Leave out the images and return all the data word for word.

● Given information:

=== Begin Enclosure ===

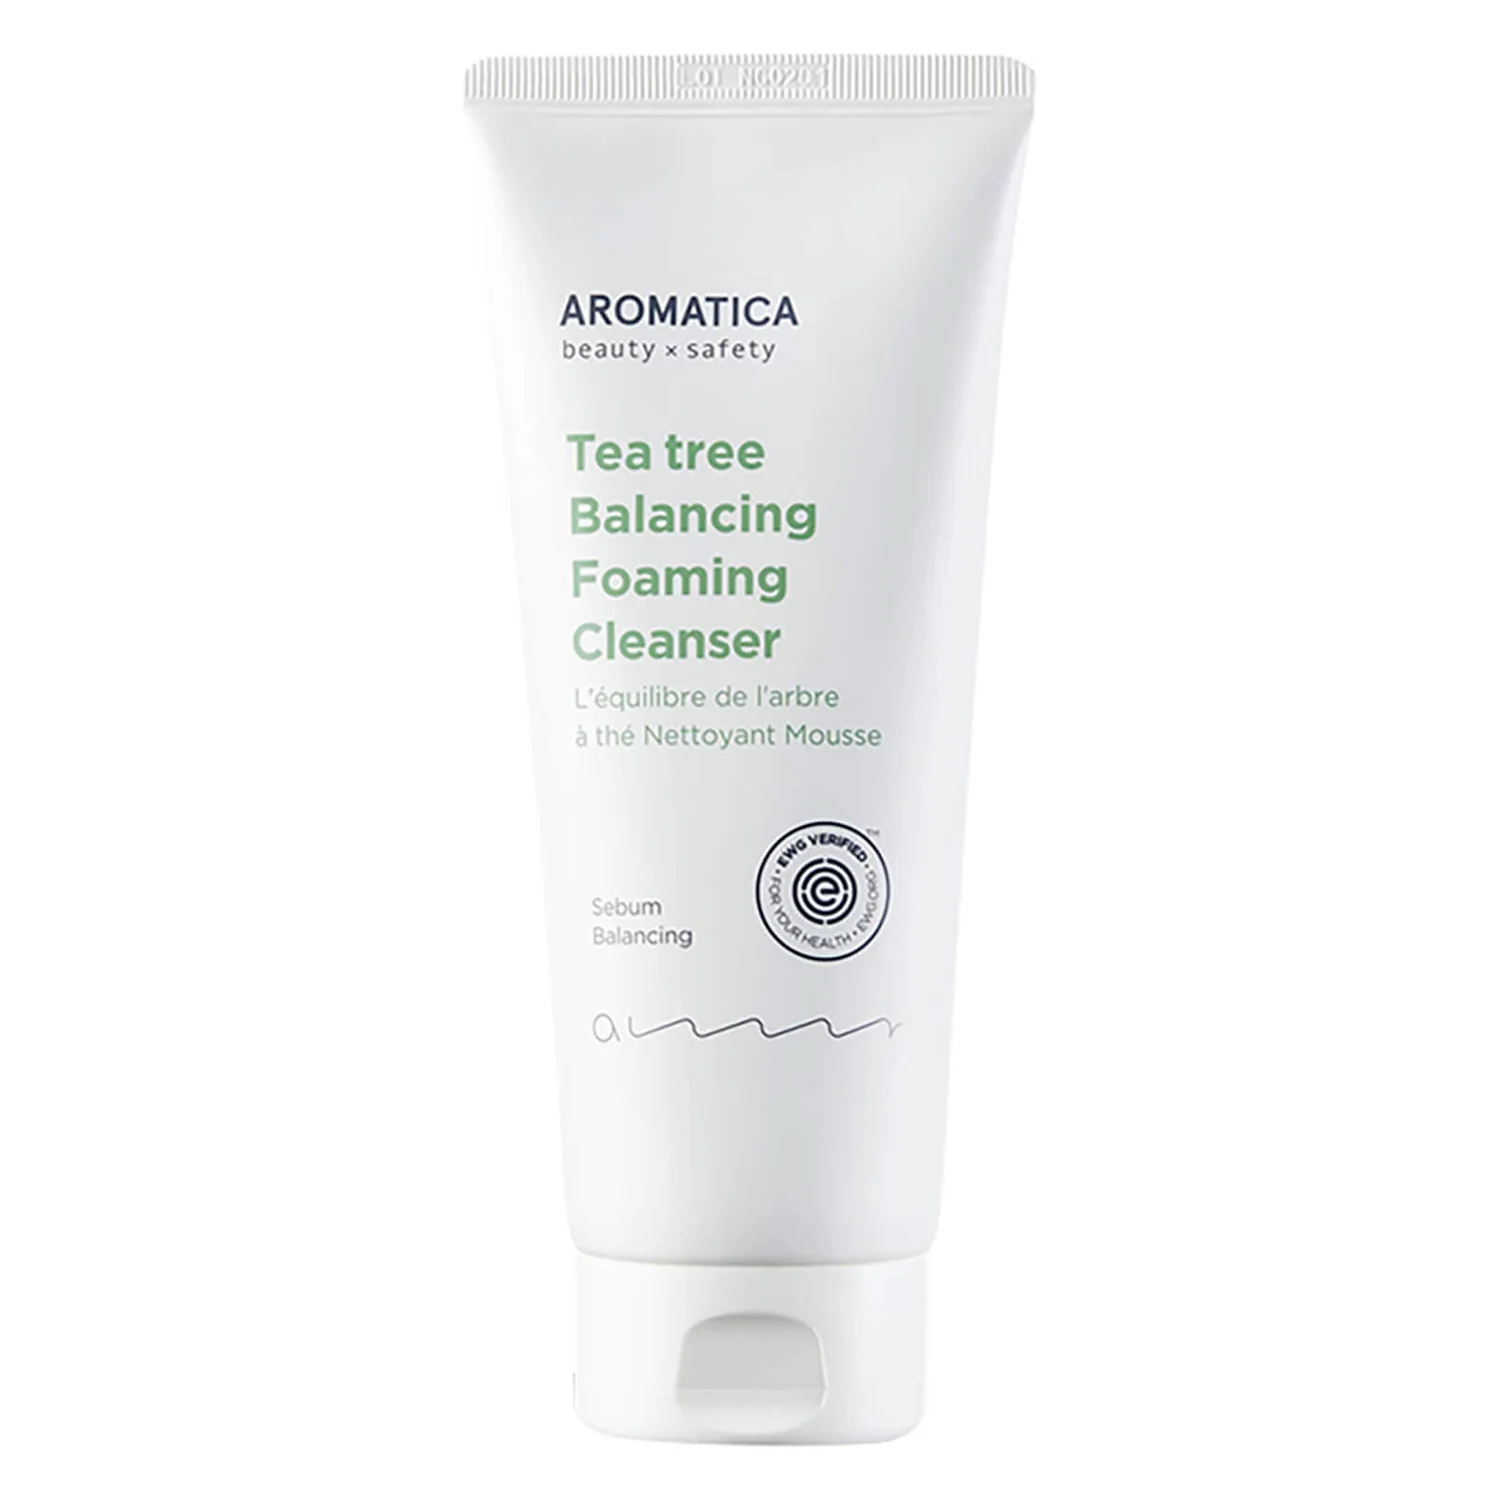 Aromatic best Korean cleanser for acne-prone skin
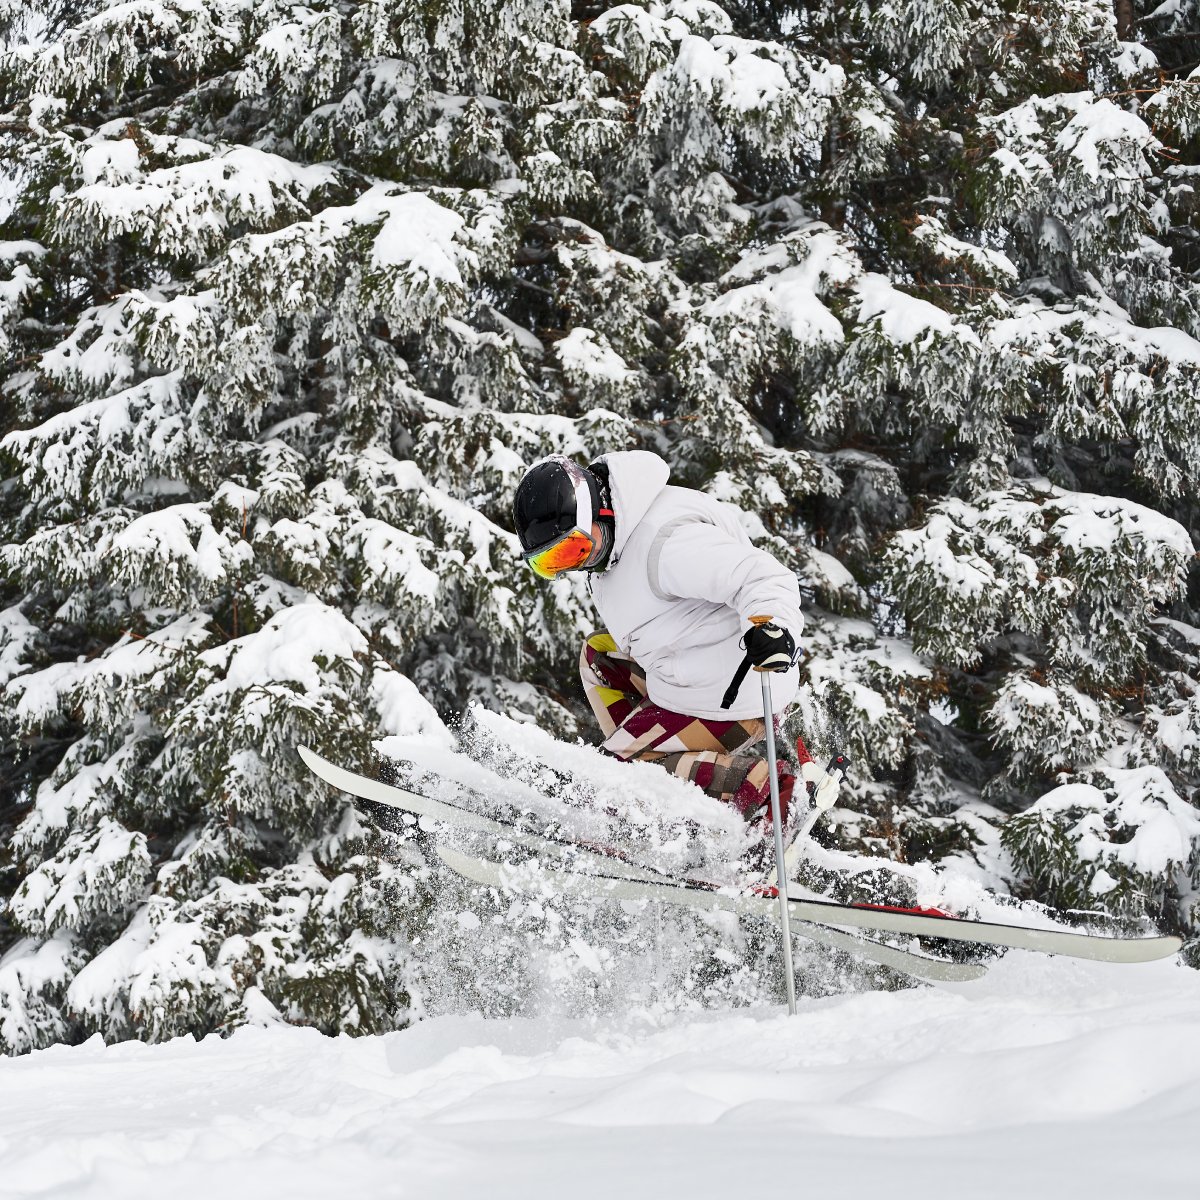 Is skiing beginner-friendly
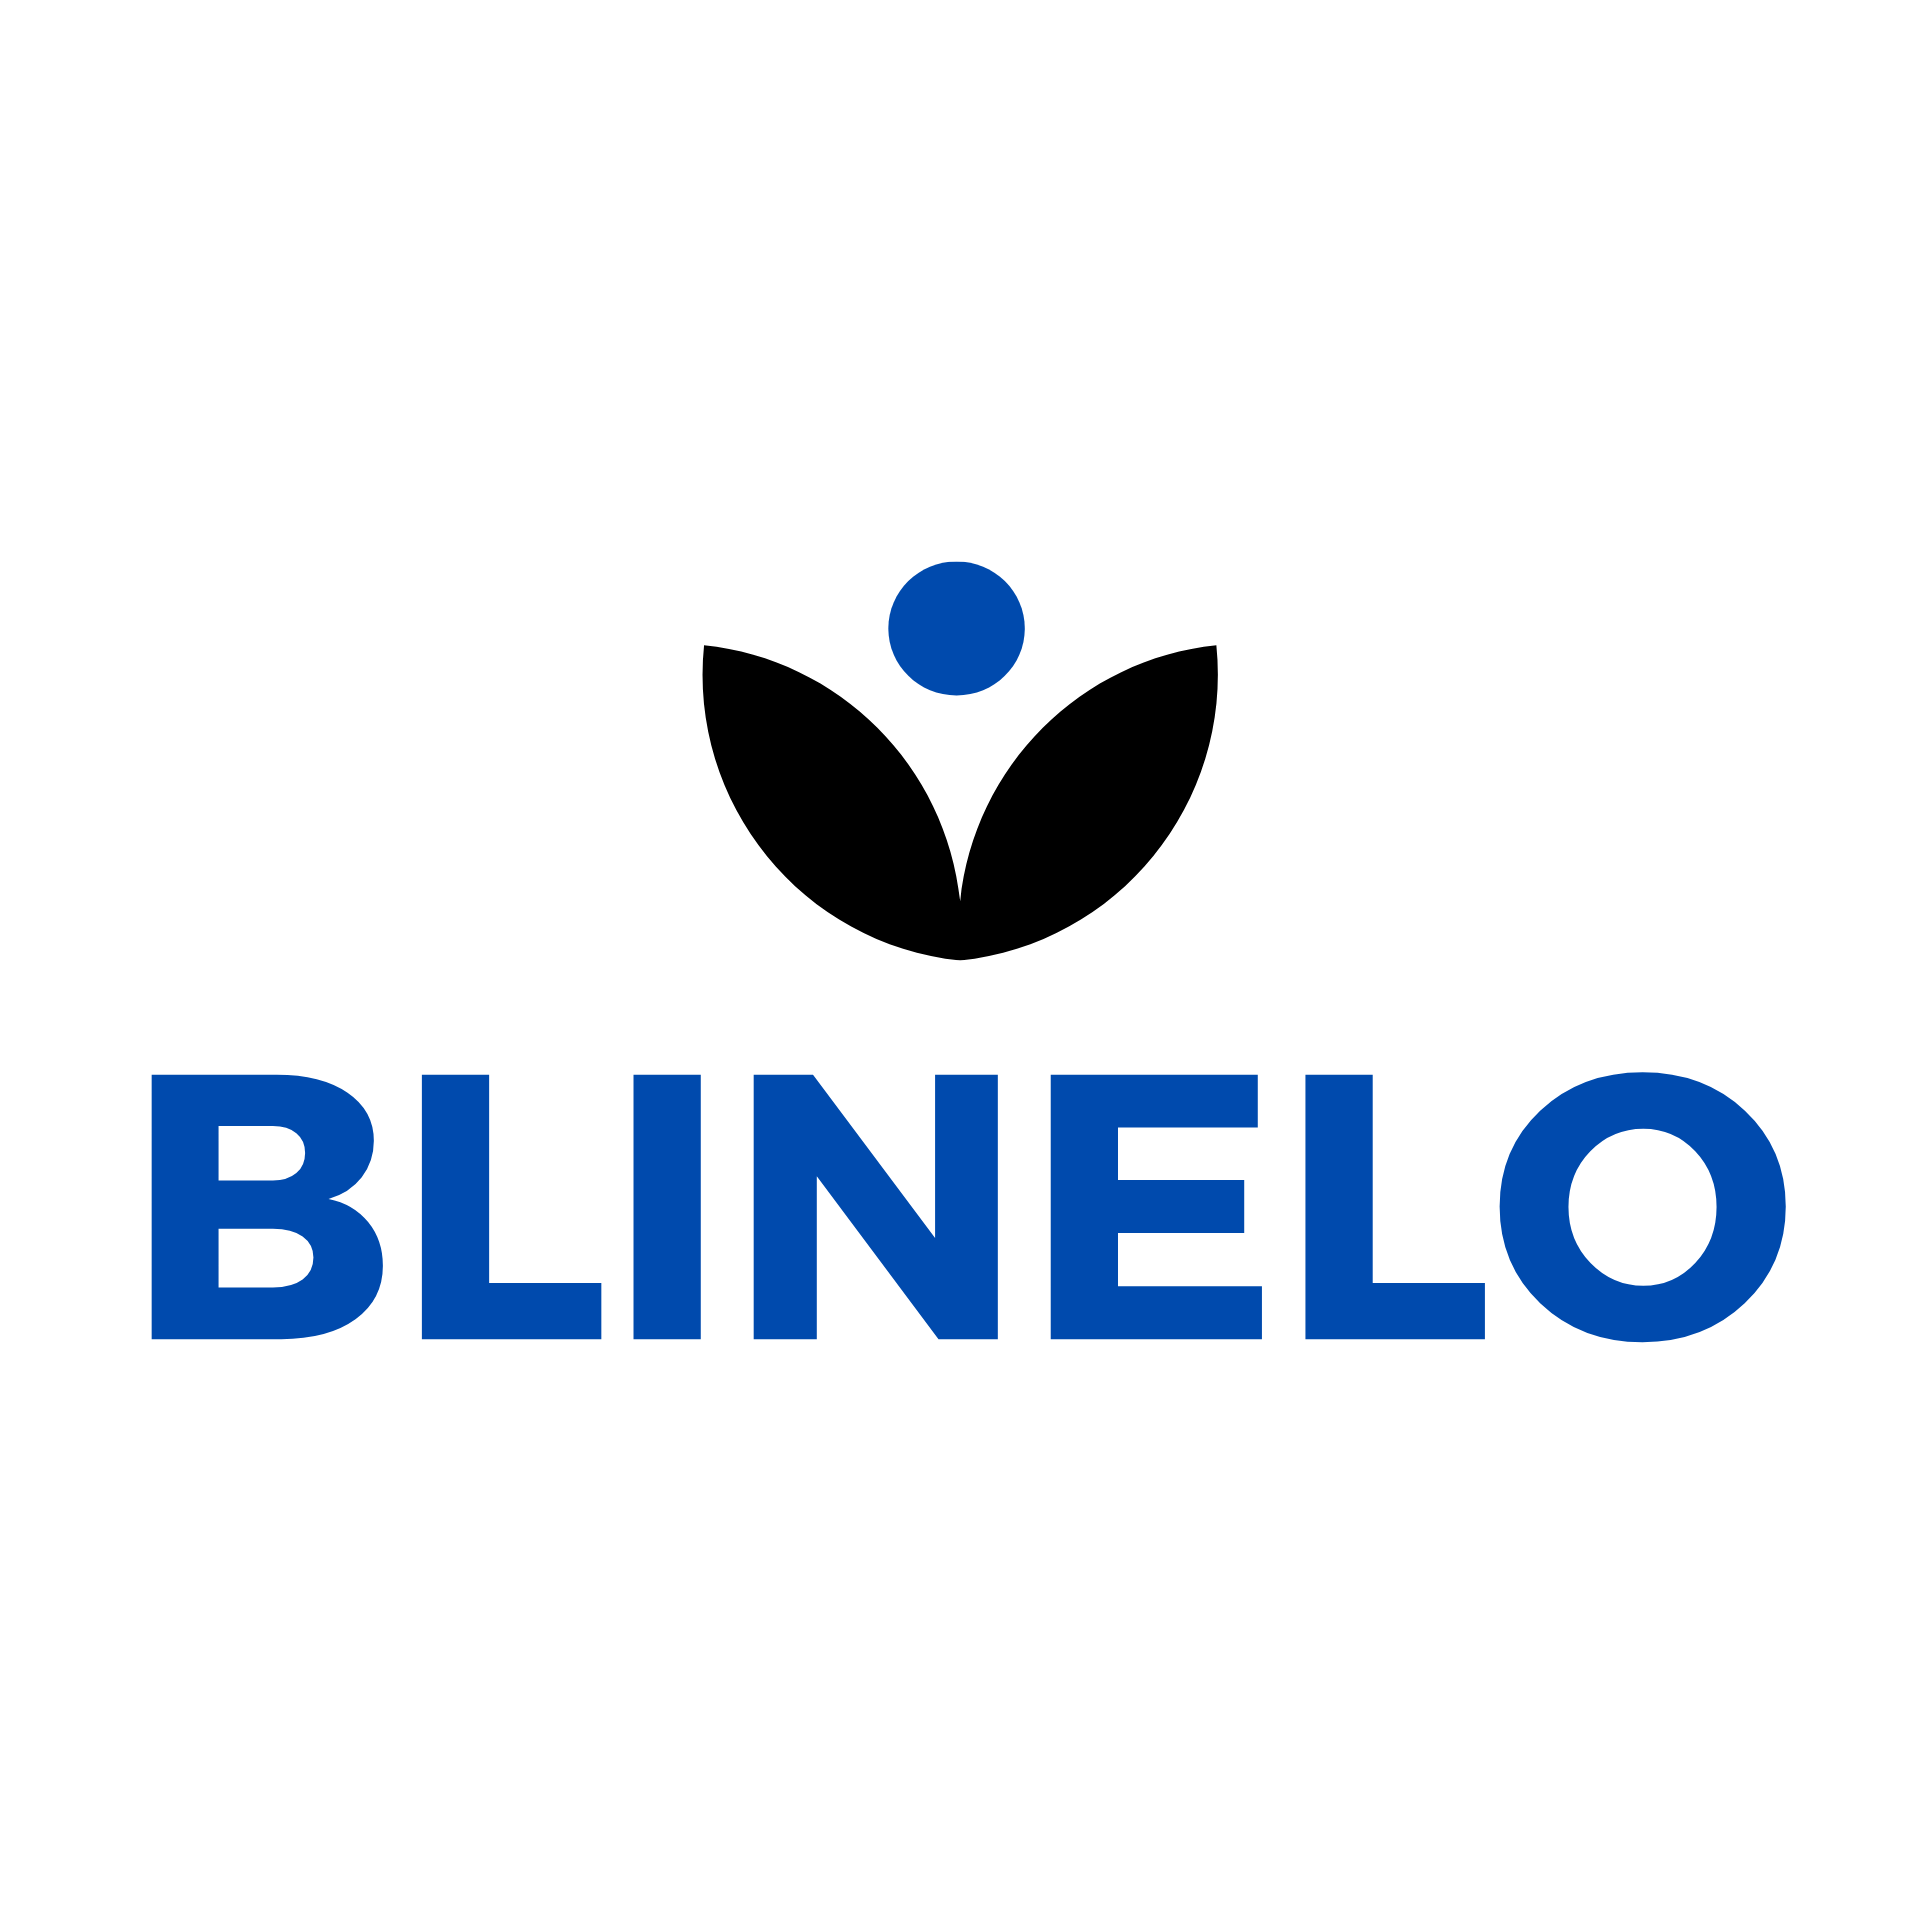 Blinelo

=== End Enclosure ===

● Response:
 Aromatic best Korean cleanser for acne-prone skin
 Is skiing beginner-friendly
 Blinelo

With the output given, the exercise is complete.